Paris Humiliated By Gigantic Inflatable Butt Plug
It’s supposed to be a tree! a tree!
Parisians everywhere (who are members of the far-right group “French Spring”) are scandalized by an art installation that is “supposed” to be a tree but appears to everyone (including you, me and even my grandma who has no idea what a butt plug is) as a toy that is meant to pleasure the inside of one’s anus by blocking it with an object of considerable length and girth.

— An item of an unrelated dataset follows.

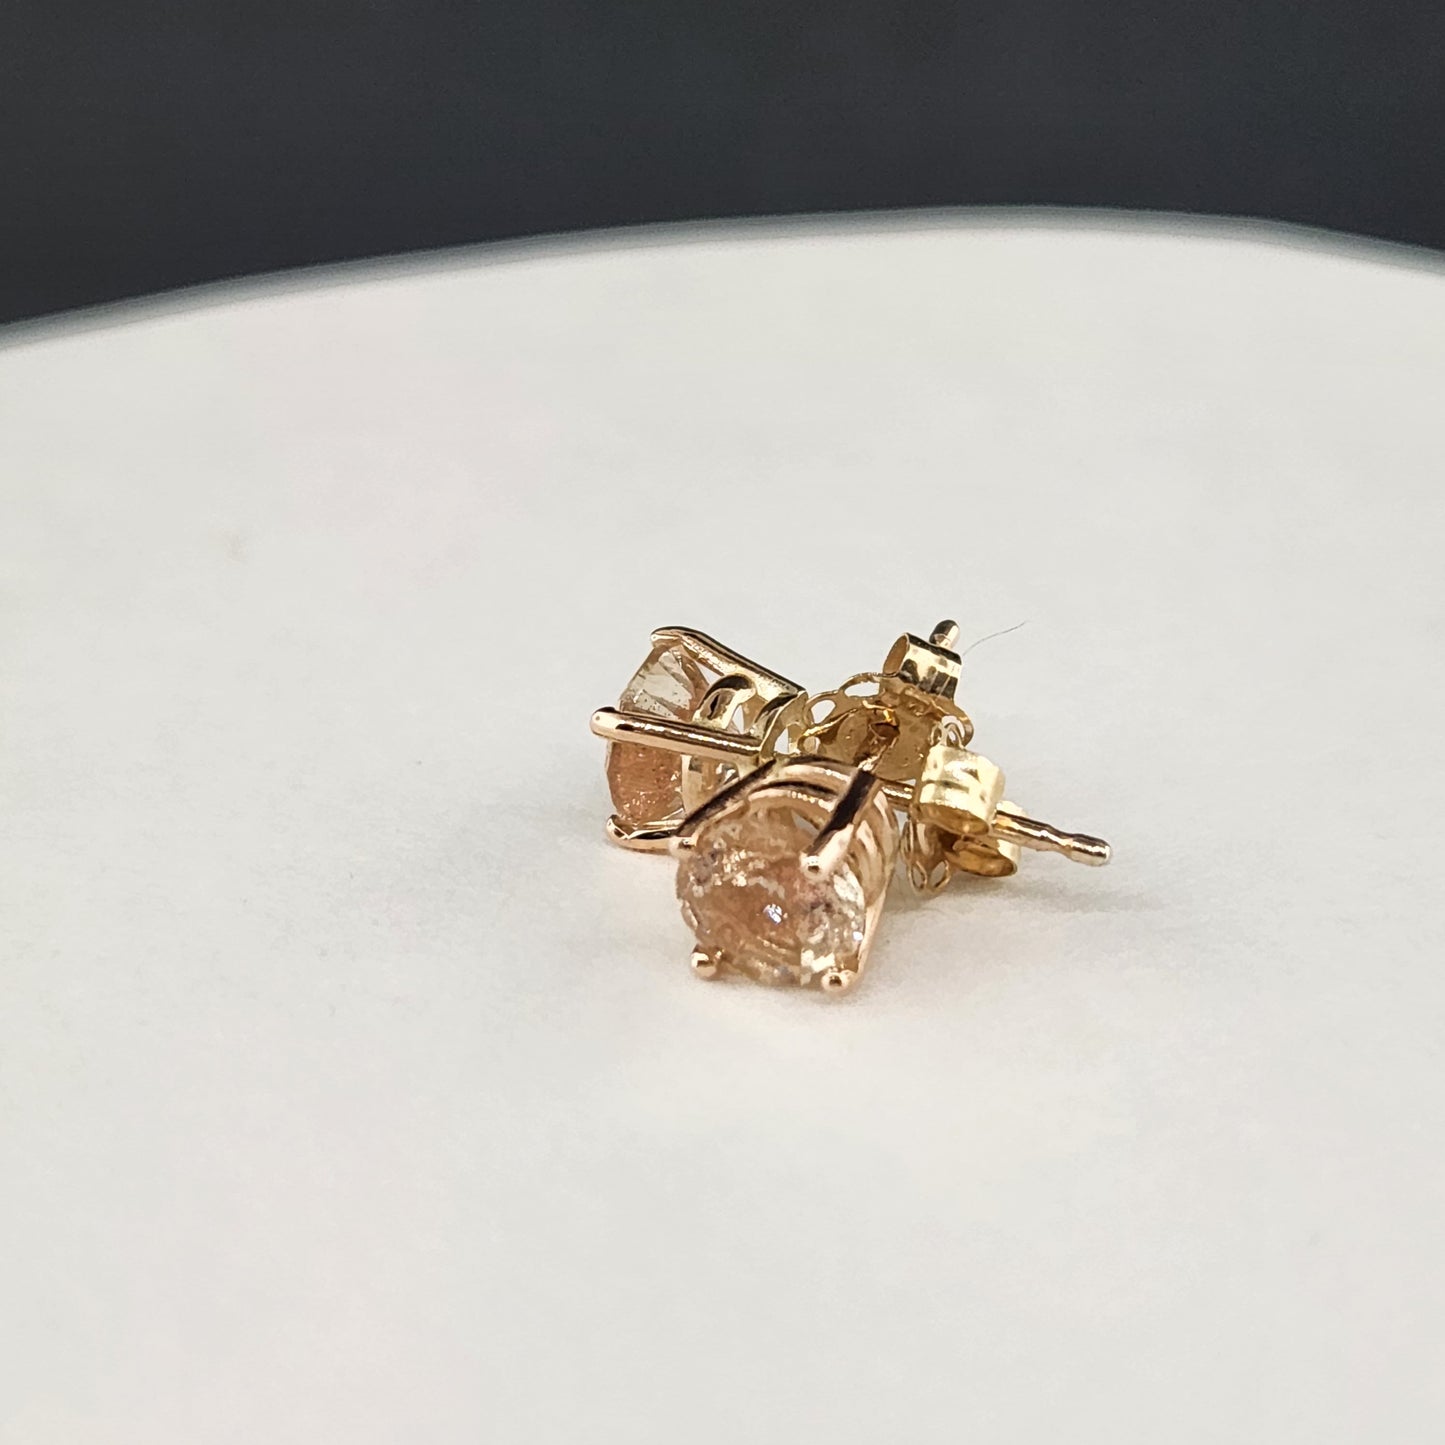 0.90 ct Oregon Sunstones earring set in 14 kt pink gold. 5 mm

The artist, Paul McCarthy, says that his sculpture isn’t a butt plug, but according to The Daily Mail, he’s also known for his provocative art, like fun animatronic sculptures of George W. Bush fucking pigs. Perhaps the conceit of the project here (and I am not an art scholar, so bear with me) is that he conceptualized the giant butt plug (and the accompanying giant butt plugs you can see, including sculptures of santa holding butt plugs because…) as a provocative object meant to get a reaction and turn it around on the viewer.
“It’s a tree,” McCarthy might say to a disgruntled Parisian conservative who is angry that this is where the city’s taxes are going. “If you see a butt plug, well then that’s your own issue, you know? That’s just like your opinion, man. And for someone who’s so against gay marriage, why are you so worried about ass play anyway?”
For the record: It’s totally a bunch of butt plugs.